A delegation from the U.N. Security Council was in Juba, including Susan Rice, the U.S. ambassador to the United Nations, who told reporters that the invasion “is a grave risk to peace and stability.” She demanded northern troops leave Abyei.

“The withdrawal ought to be immediate, unconditional and complete,” Rice said.

The invasion of Abyei was a “premeditated and well-planned” operation, according to the Satellite Sentinel Project, which uses satellite photos to observe developments in contested areas of Sudan. The group documented a buildup of tanks, helicopters, and military personnel along roads near Abyei in the weeks before the May 21 occupation.

The project also claims to have documentary evidence of possible war crimes and crimes against humanity in Abyei.

A referendum on Abyei’s political future was scheduled for January but never took place because of disagreements over who was eligible to vote. Khartoum insisted that the nomadic Misseriya, a northern-aligned tribe that takes its cattle to Abyei during several months of the dry season, be allowed to participate, but that was rejected by the permanent residents of Abyei, mostly members of the Dinka Ngok tribe who support the Southern Sudan government.

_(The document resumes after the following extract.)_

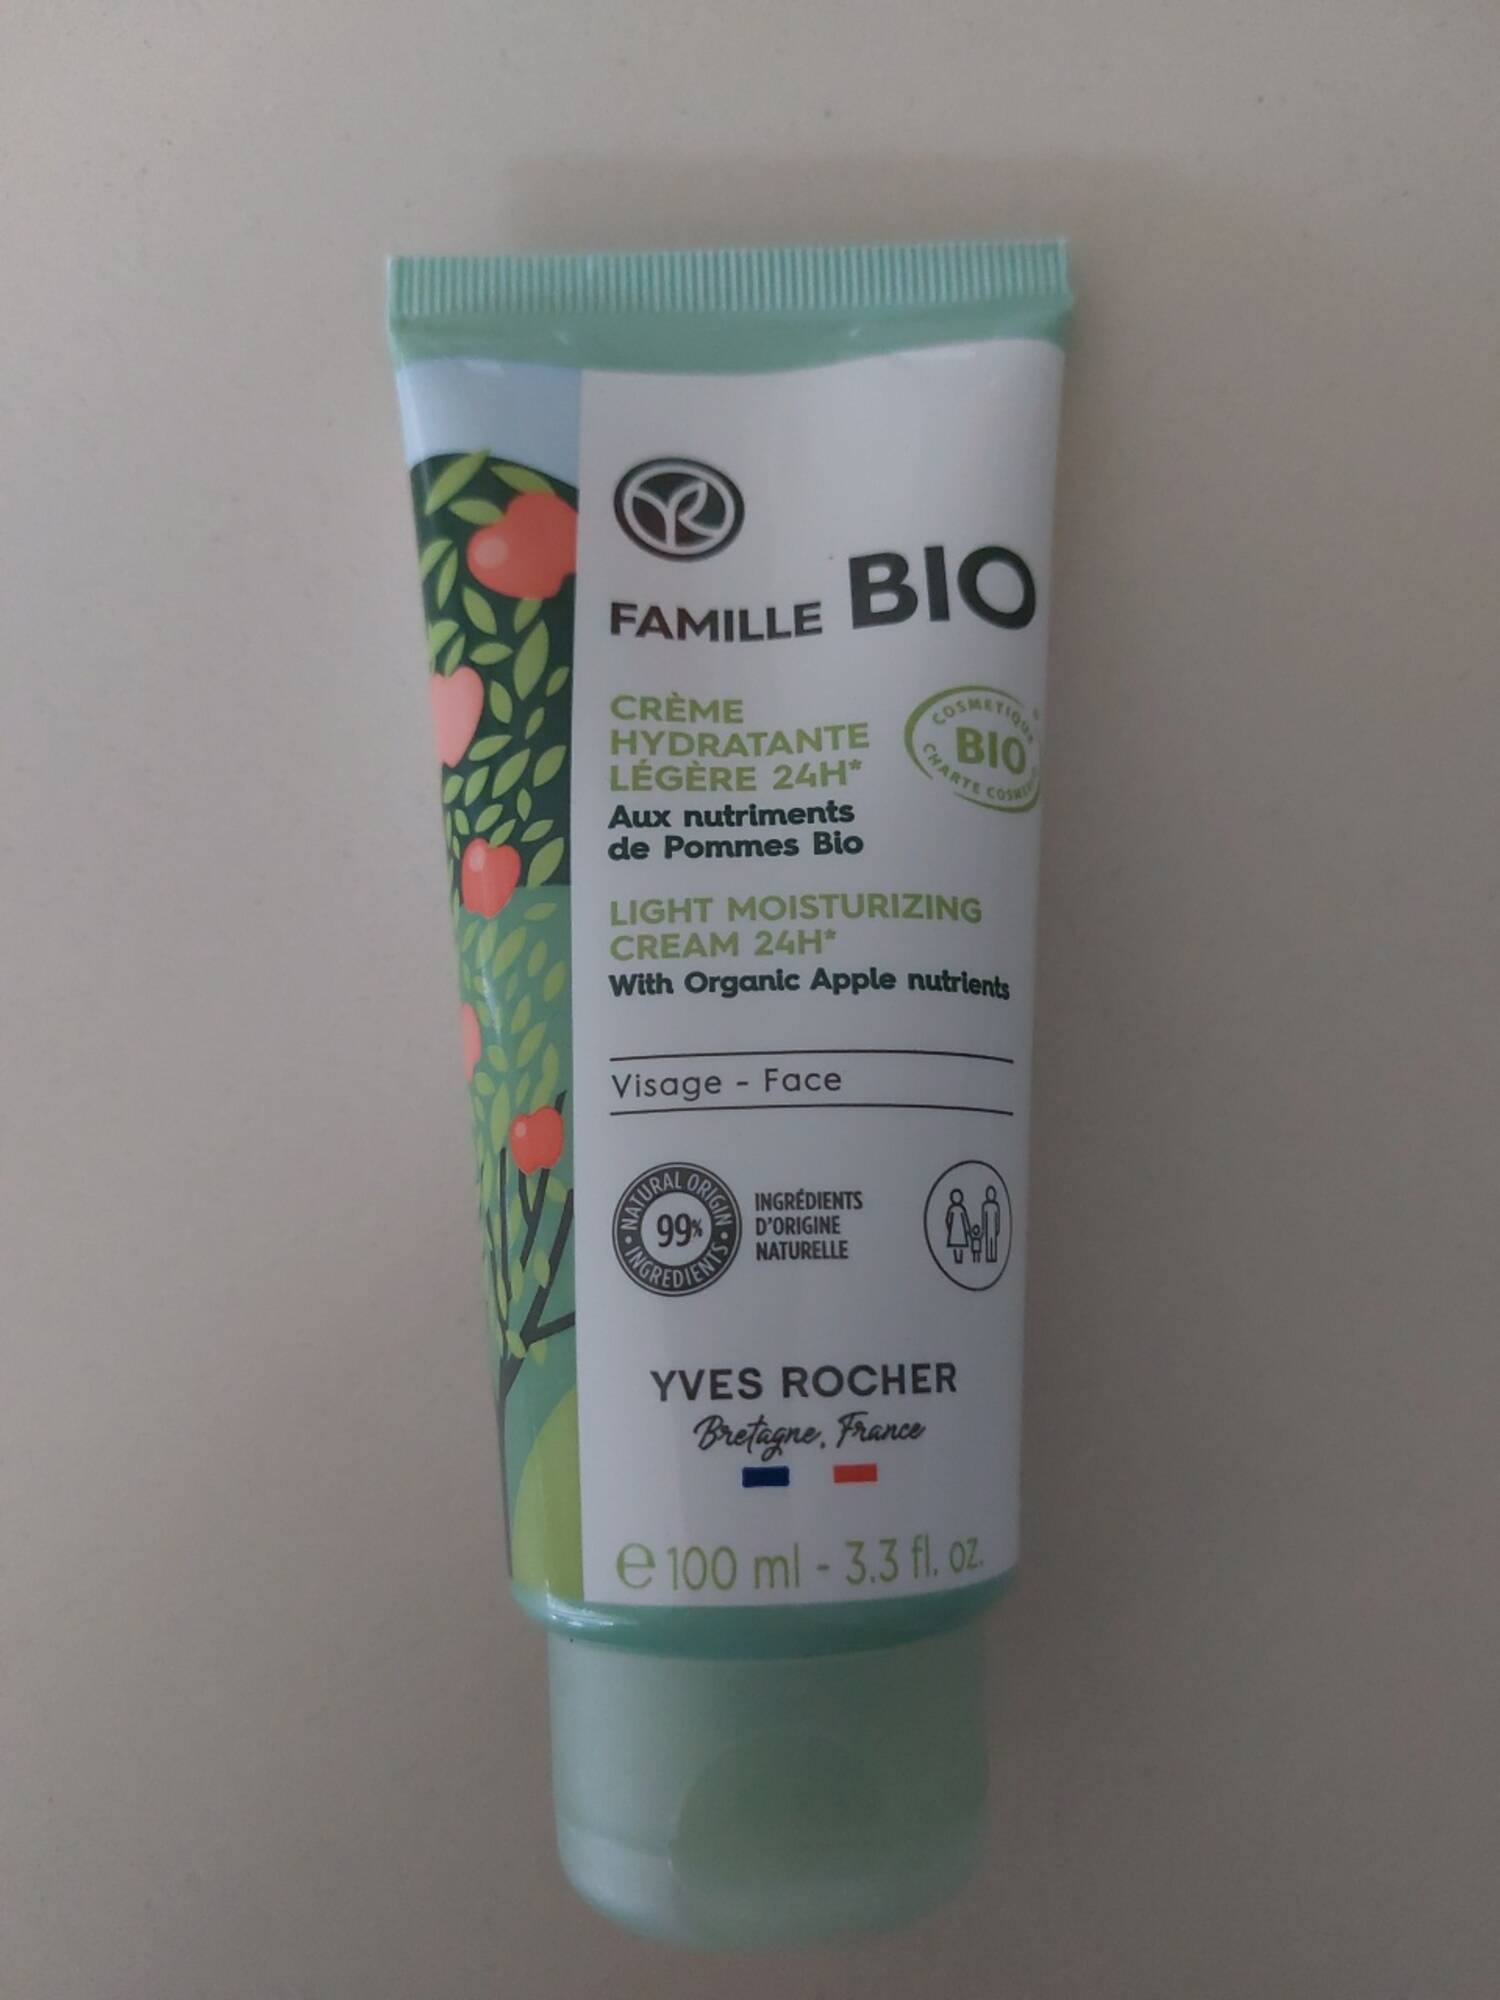 YVES ROCHER - Famille bio - Crème hydratante légère 24h

Similar votes are planned for other border areas, including Blue Nile and South Kordofan states, yet Khartoum has dragged its feet on implementation.

John Ashworth, an adviser to the Sudan Ecumenical Forum, said much of the media’s reporting on Sudan misrepresents the Connecticut-sized Abyei region as “disputed” territory.

“It’s disputed, of course, but it’s a very recent dispute. It is clearly Dinka Ngok land and used to be part of the South, while the Misseriya are seasonal nomads, not residents,” he said.

Ashworth, a former priest, said Khartoum’s move into Abyei is not surprising given the position of the North’s ruling National Congress Party.

“The NCP is not happy with southern independence. They have to let the South go, but damned if they’ll let Abyei go, too,” he said.

Moreover, Ashworth said, letting Abyei go “might send the ‘wrong’ signal, as the NCP sees it, to South Kordofan and Blue Nile states.”

Ashworth said that by occupying Abyei, Khartoum was merely practicing normal negotiation procedures in Sudan.

“Eventually Khartoum will be able to make a great concession by withdrawing from Abyei and demand something equally great in return,” he said.

Despite developments in Abyei, southern independence is still a safe bet, Ashworth said, in part because of the political maturity of the Sudan People’s Liberation Movement, the ruling party in Southern Sudan.

“I don’t think it will derail southern independence. I also don’t think it will provoke a wider war, at least not in the immediate future. The SPLM appears to be responding politically and not being provoked into war. Of course there is already a proxy war going on in other parts of the South via northern-supported southern rebels, but this is not directly linked to Abyei,” Ashworth said.